Exercise data >>
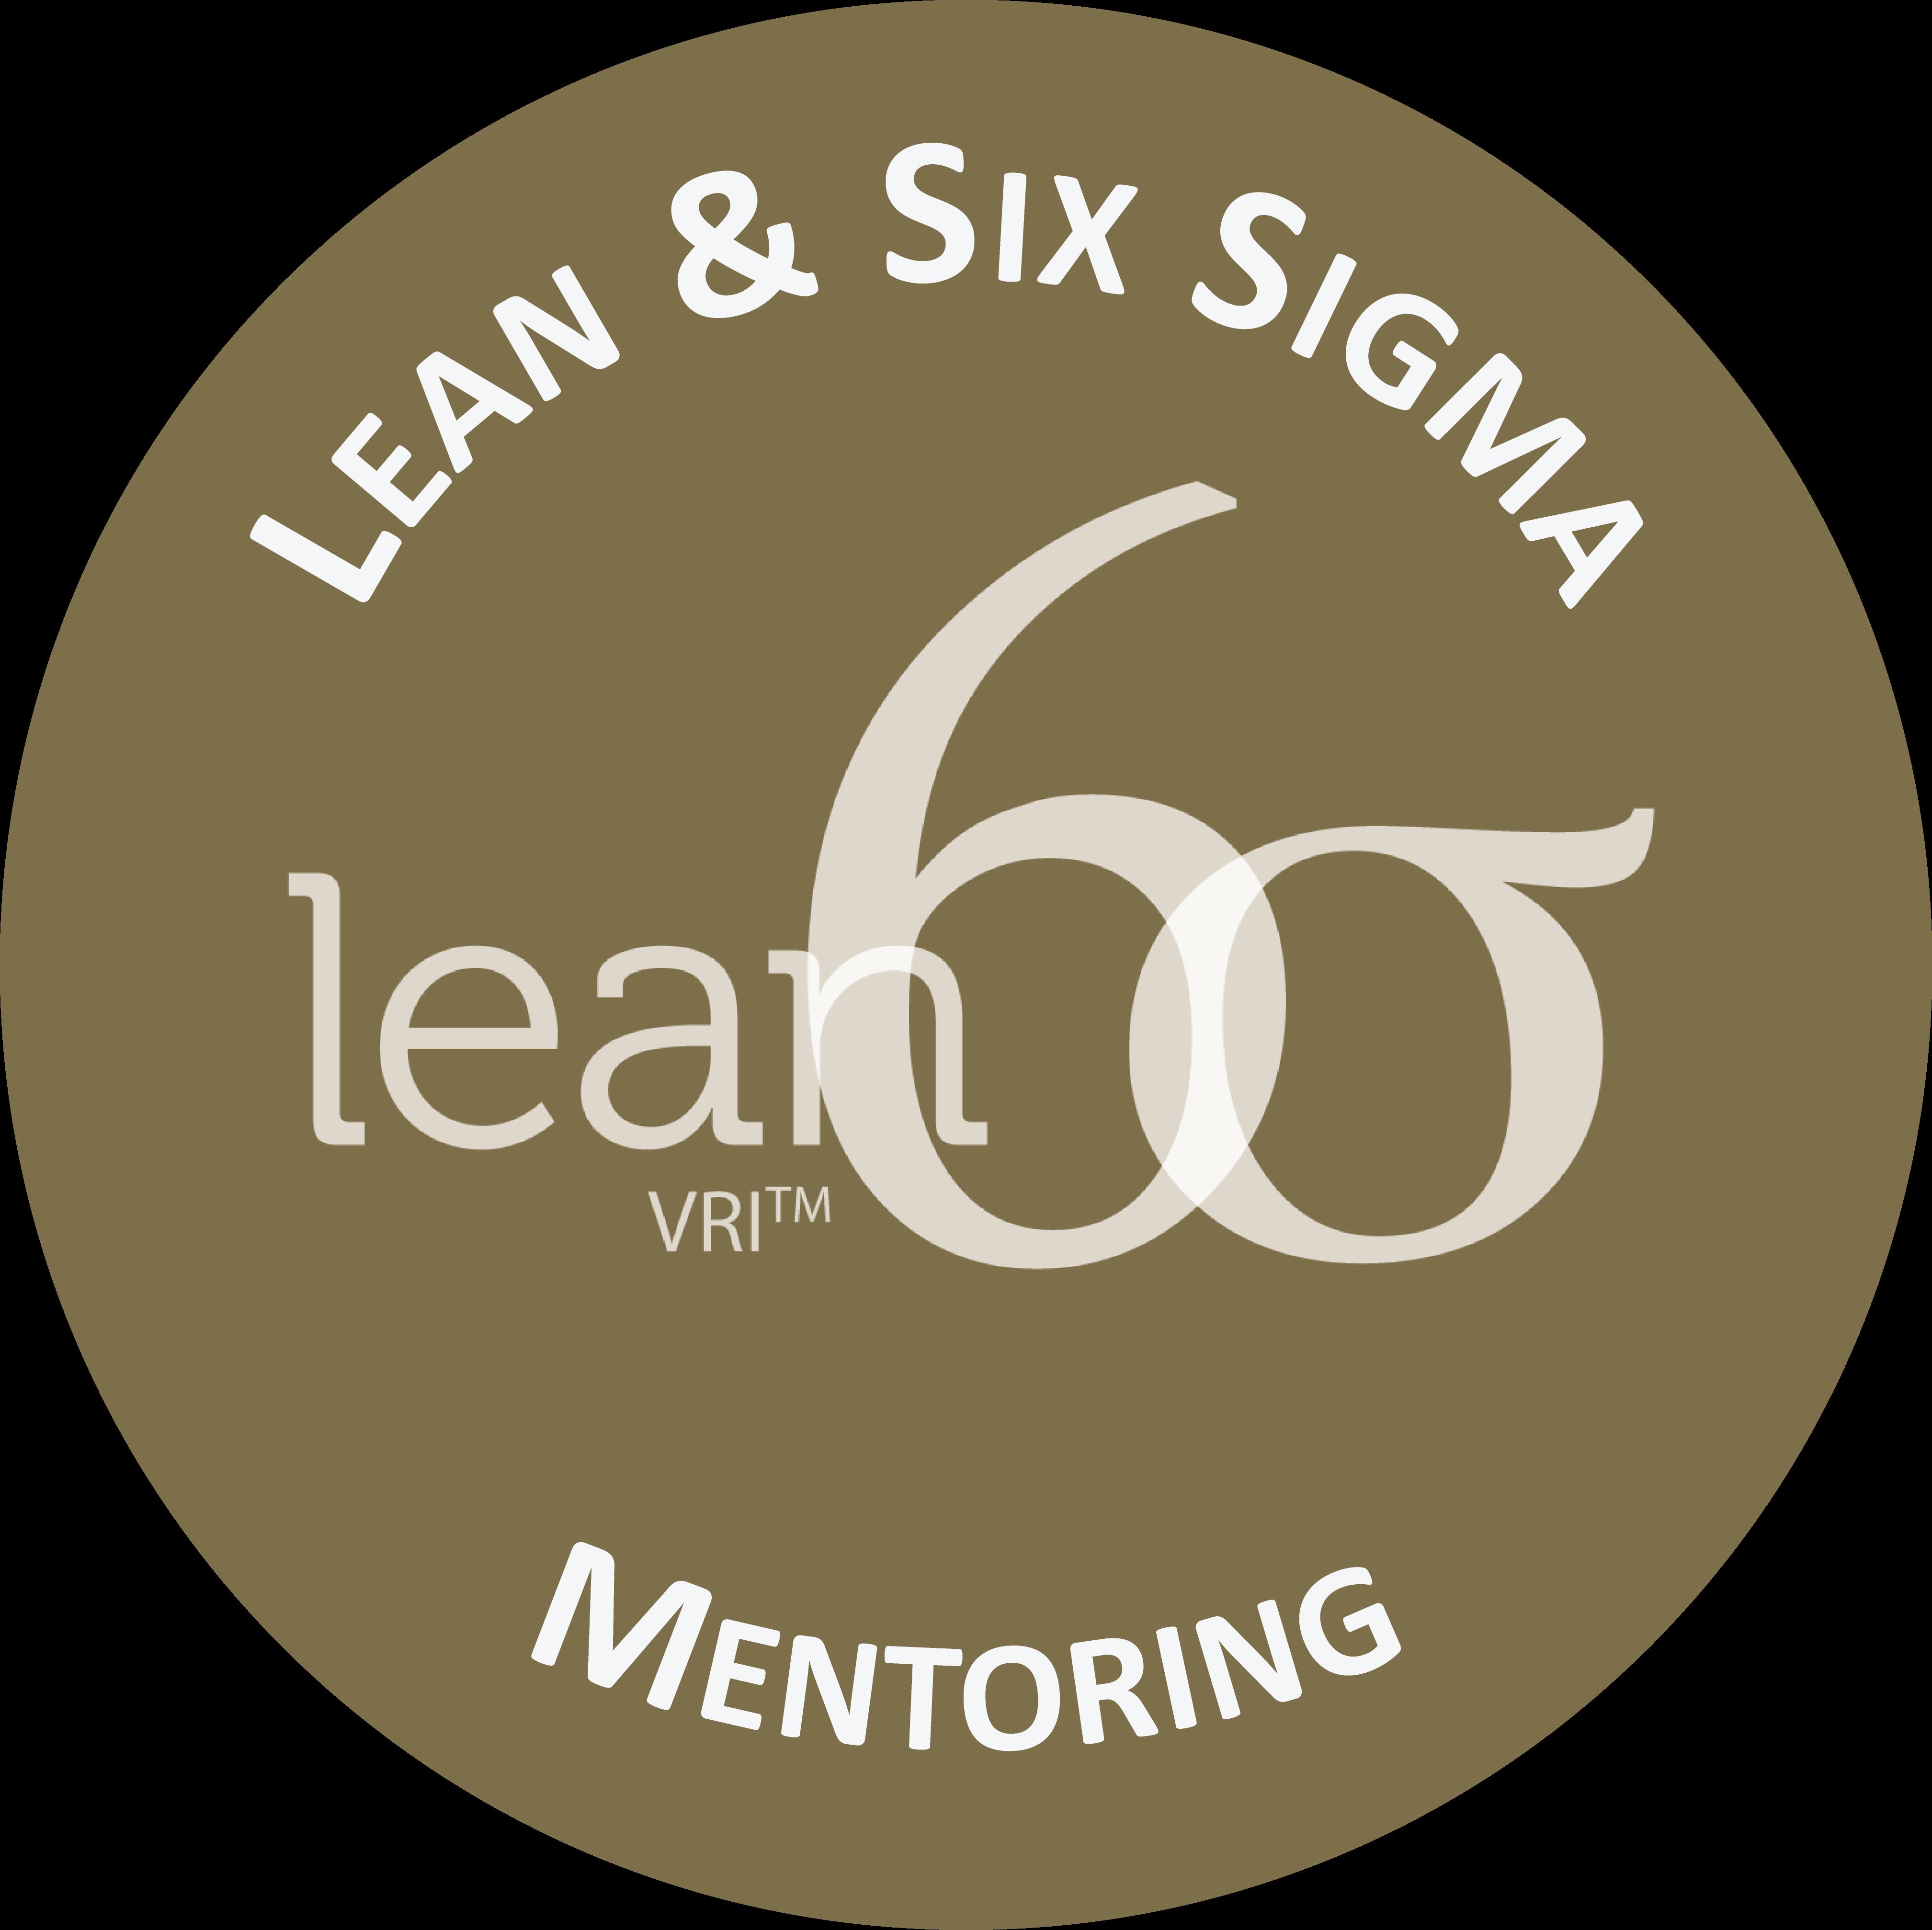 Lean & Six Sigma Mentoring
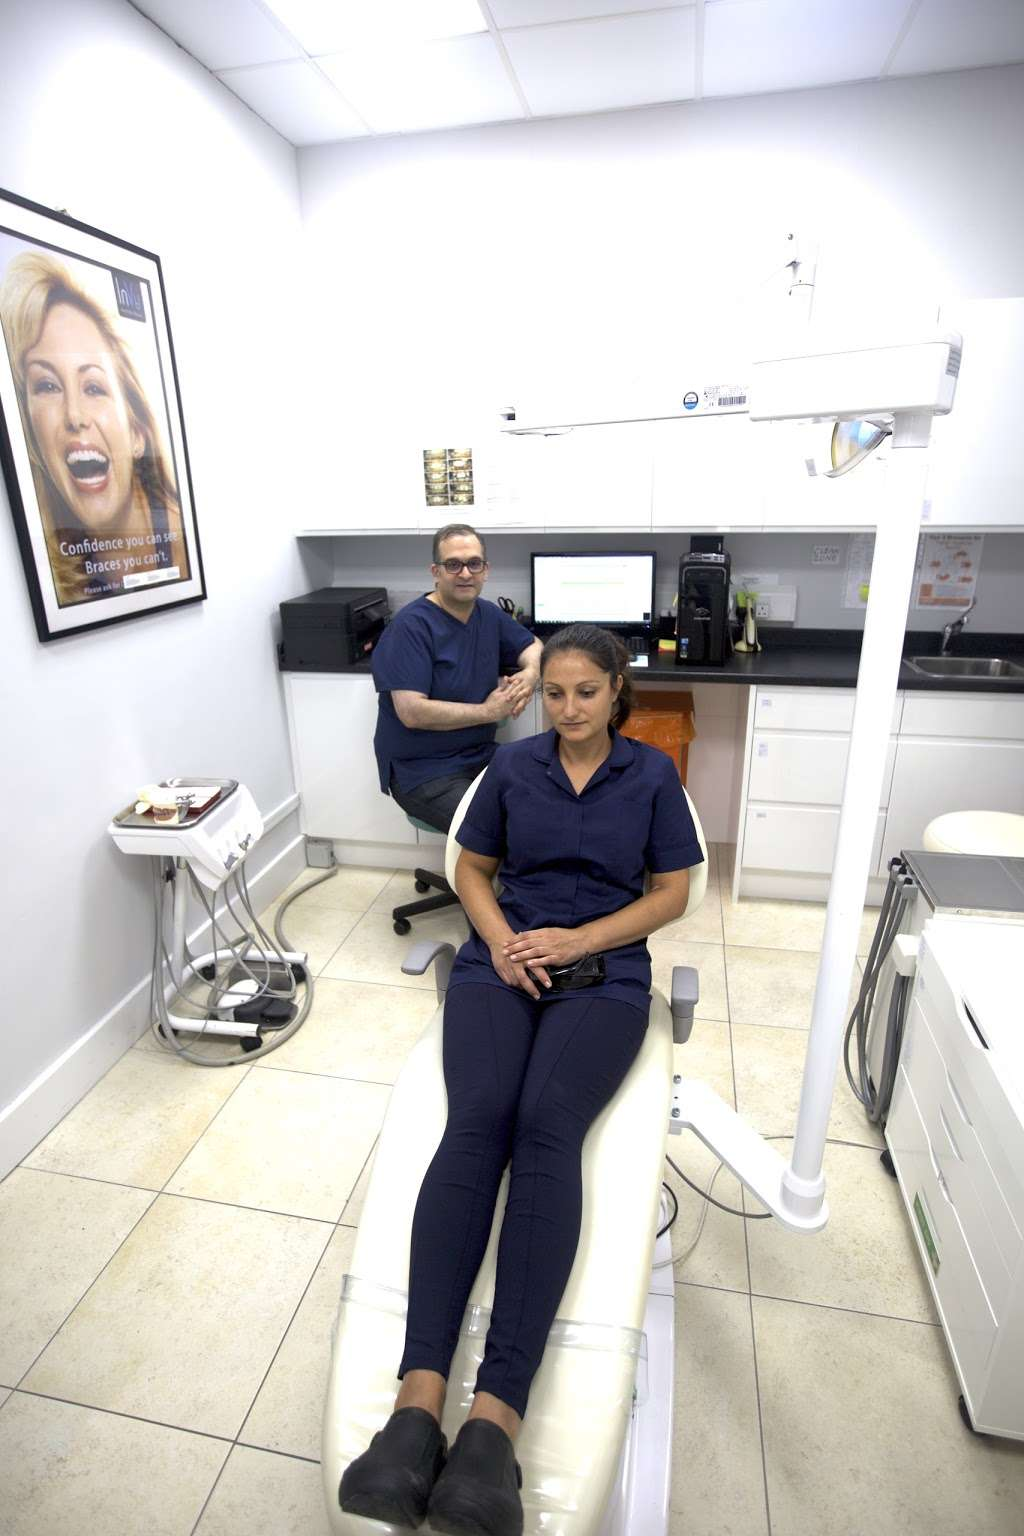 Wembley Orthodontic Centre - dentist  | Photo 6 of 10 | Address: 116 Windermere Ave, Wembley HA9 8RB, UK | Phone: 020 8904 5075
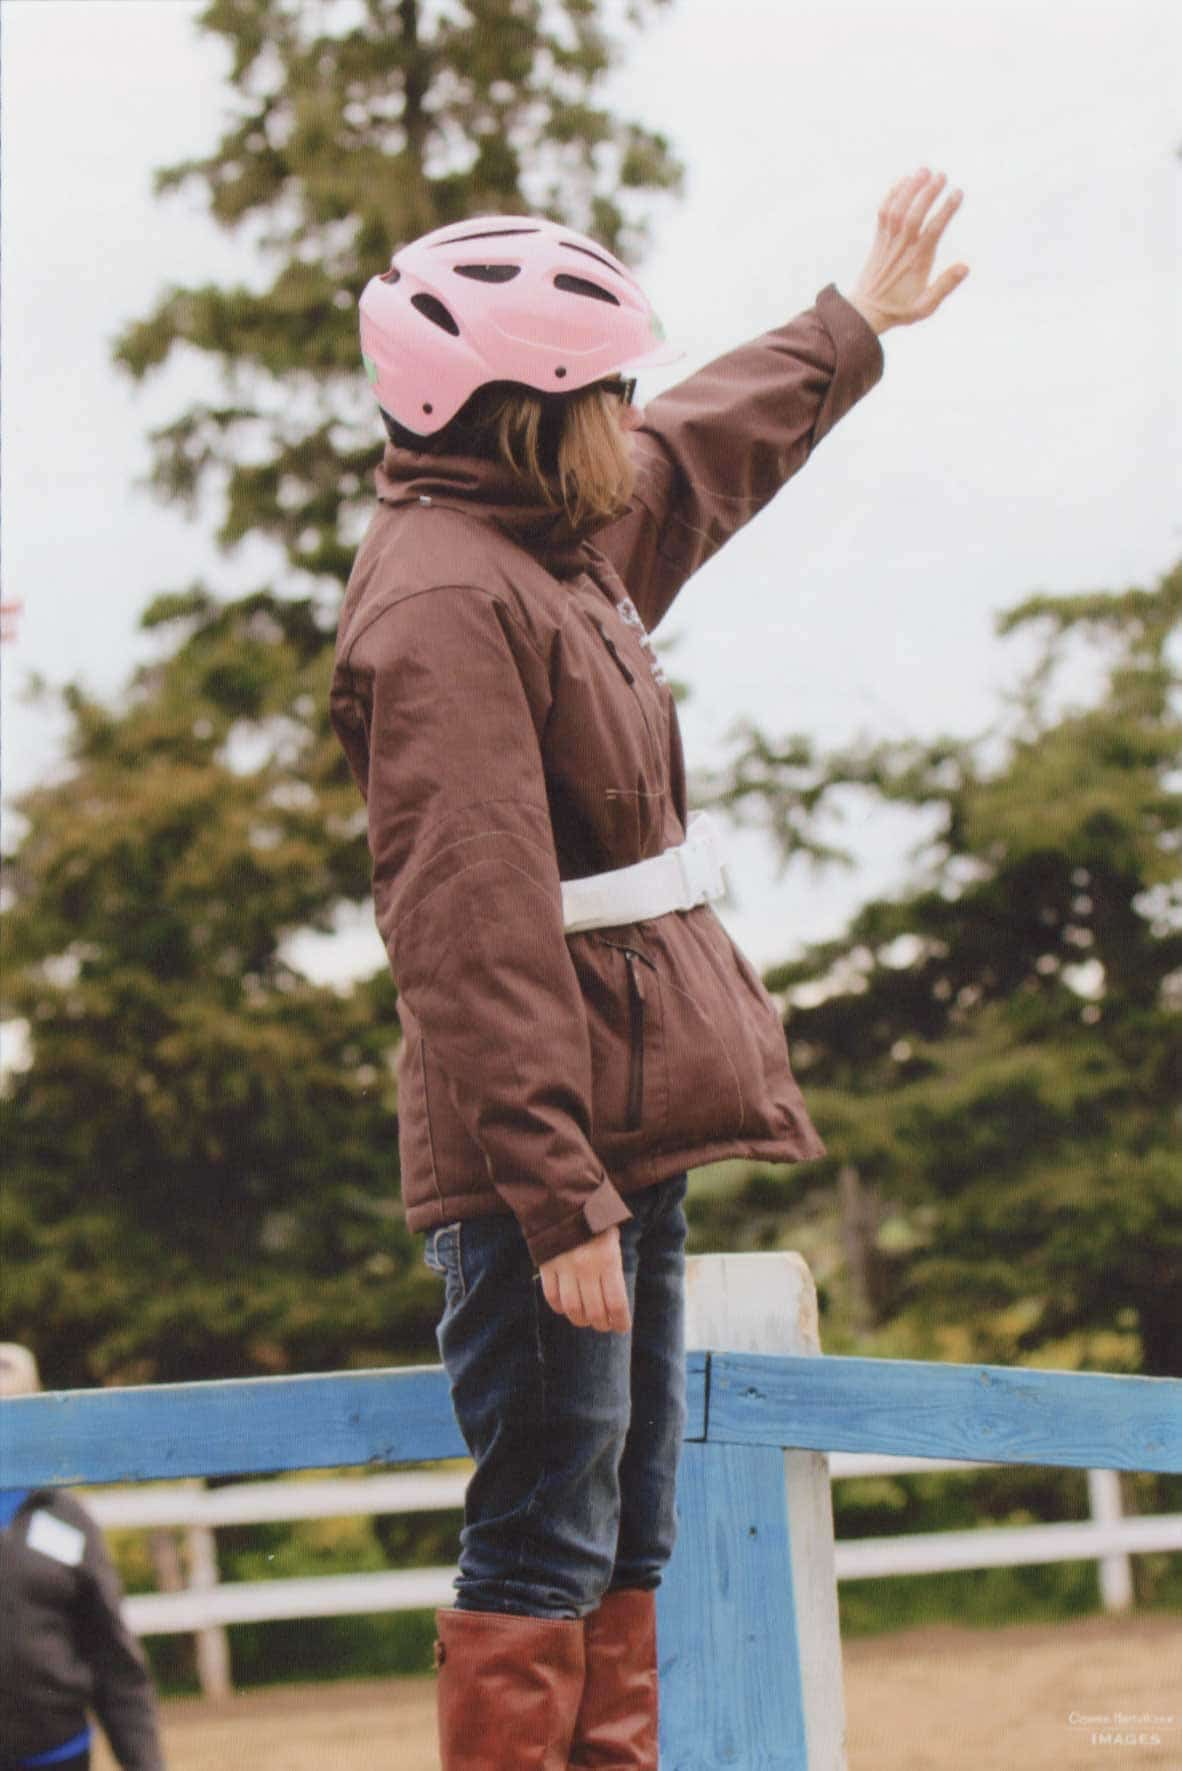 waving rider

Task requirements >> Would you output the listing above verbatim, without its pictures?

Result of this task >>
 Lean & Six Sigma Mentoring
 Wembley Orthodontic Centre - dentist  | Photo 6 of 10 | Address: 116 Windermere Ave, Wembley HA9 8RB, UK | Phone: 020 8904 5075
 waving rider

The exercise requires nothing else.